Обычно на этом месте Сергей начинал подумывать о том, что осталось уже меньше круга и что скоро его сменит Павел Иванович, что можно будет, наконец, лечь в траву, расправить руки и ноги и целый час лежать не двигаясь. Сейчас нечего было даже думать о смене.
Как никогда, желанными стали казаться Сергею повороты на углах делянки, когда Таня чуть придерживала лошадей. В это время коса почти прекращала свою работу и Сергей мог на несколько мгновений оставить навильник и дать мускулам недолгий отдых.
К концу второго круга Сергеем овладело странное состояние: усталости он не чувствовал и находился словно в полусне. Лошади, Таня, крылья лобогрейки — все это отодвинулось куда-то далеко-далеко. Казалось, что рокот машины стал тише и доносится откуда-то издали.
Таня оглянулась и, увидев полузакрытые глаза и заметно побледневшее лицо Сергея, натянула вожжи.
— Сережа, может, немного отдохнешь?
— Гони давай. Некогда отдыхать, — обронил он, даже не взглянув на нее.
Закончили второй круг. Таня остановила лошадей.
— Зачем встала? Повертывай.
Но Таня привязала к сиденью вожжи и сошла на землю.
— Как зачем? Два круга прошли, наверное, машину пора смазать. Или позабыл? А потом, Павла Ивановича наведать нужно. Если с ним трясучка прошла, то теперь, может быть, в жар бросило, нужно холодок устроить да пить дать.
Сергей сошел с лобогрейки.

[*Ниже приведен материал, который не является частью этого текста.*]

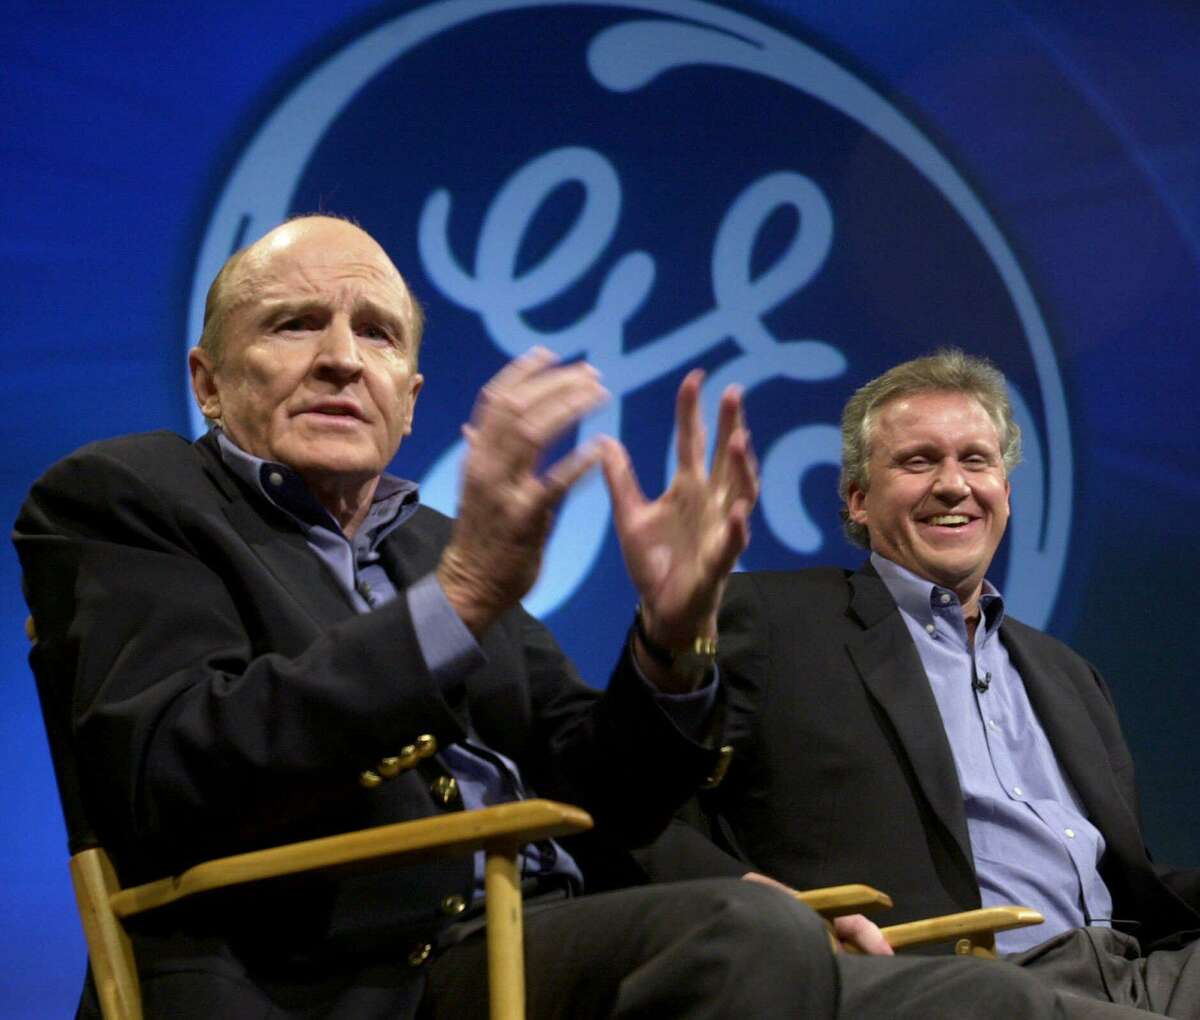 General Electric CEO Jack Welch, left, speaks during a news conference Monday, Nov. 27, 2000, in New York, as Jeff Immelt looks on.
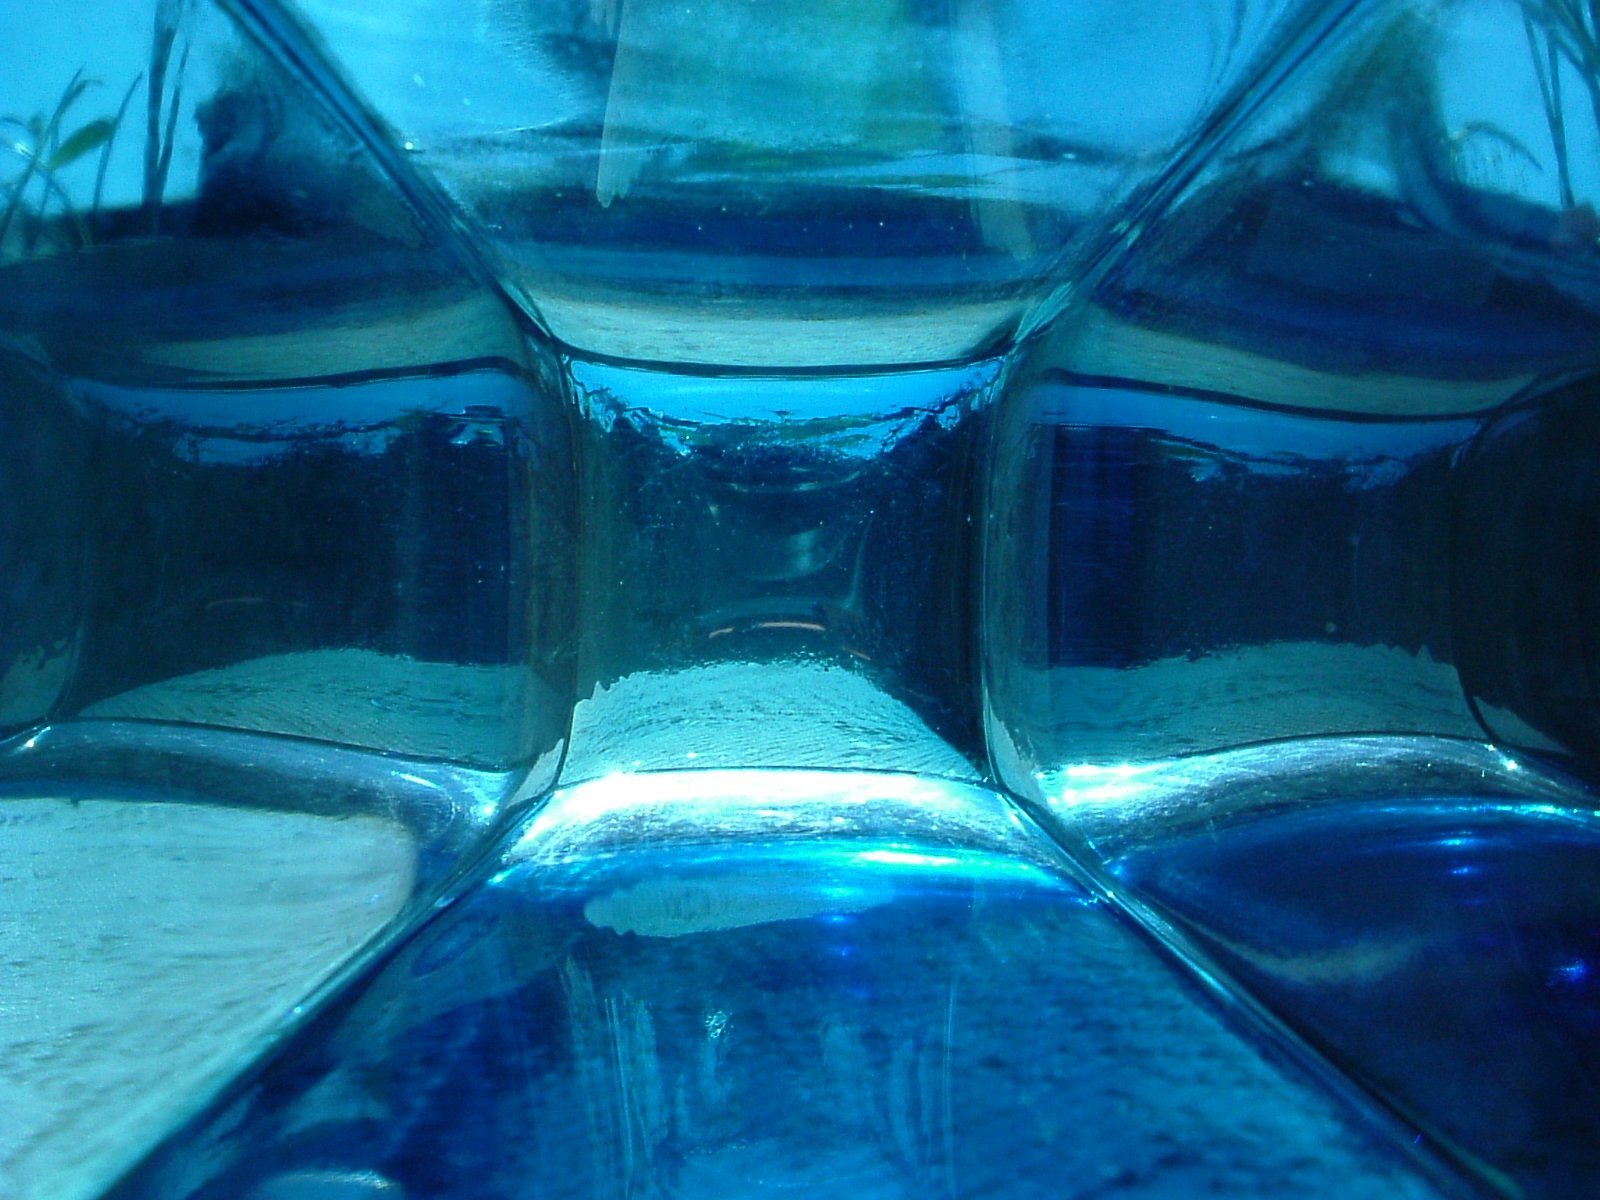 a glass vase is shown in color and pattern

Его слегка пошатывало.
Павел Иванович по-прежнему лежал с закрытыми глазами, он весь горел, словно в огне, губы высохли и обветрили.
Когда ребята подошли, Павел Иванович чуть приоткрыл отяжелевшие веки.
— Павел Иванович, может, вас сейчас на стан отправить? — спросила Таня.
— Нет, не нужно. Я здесь… немного полежу. Скоро пройдет. А вы косите?
— Косим. Не волнуйтесь, мы с Таней нормально косим.
— Сережка, не надрывай себя. С отдыхом косите.
— Мы и так отдыхаем.
— Павел Иванович, испейте воды, — предложила Таня.
Она ловко приподняла одной рукой голову Павла Ивановича, а другой поднесла к его запекшимся губам ковш с водой.
Павел Иванович жадно припал к нему.
— Спасибо.
— Давайте мы вам поможем перебраться в тень, под щавельник, предложила Таня.
Павел Иванович согласился. Но тени оказалось мало. Тогда Сергей снял с себя рубашку и брюки и остался в трусиках.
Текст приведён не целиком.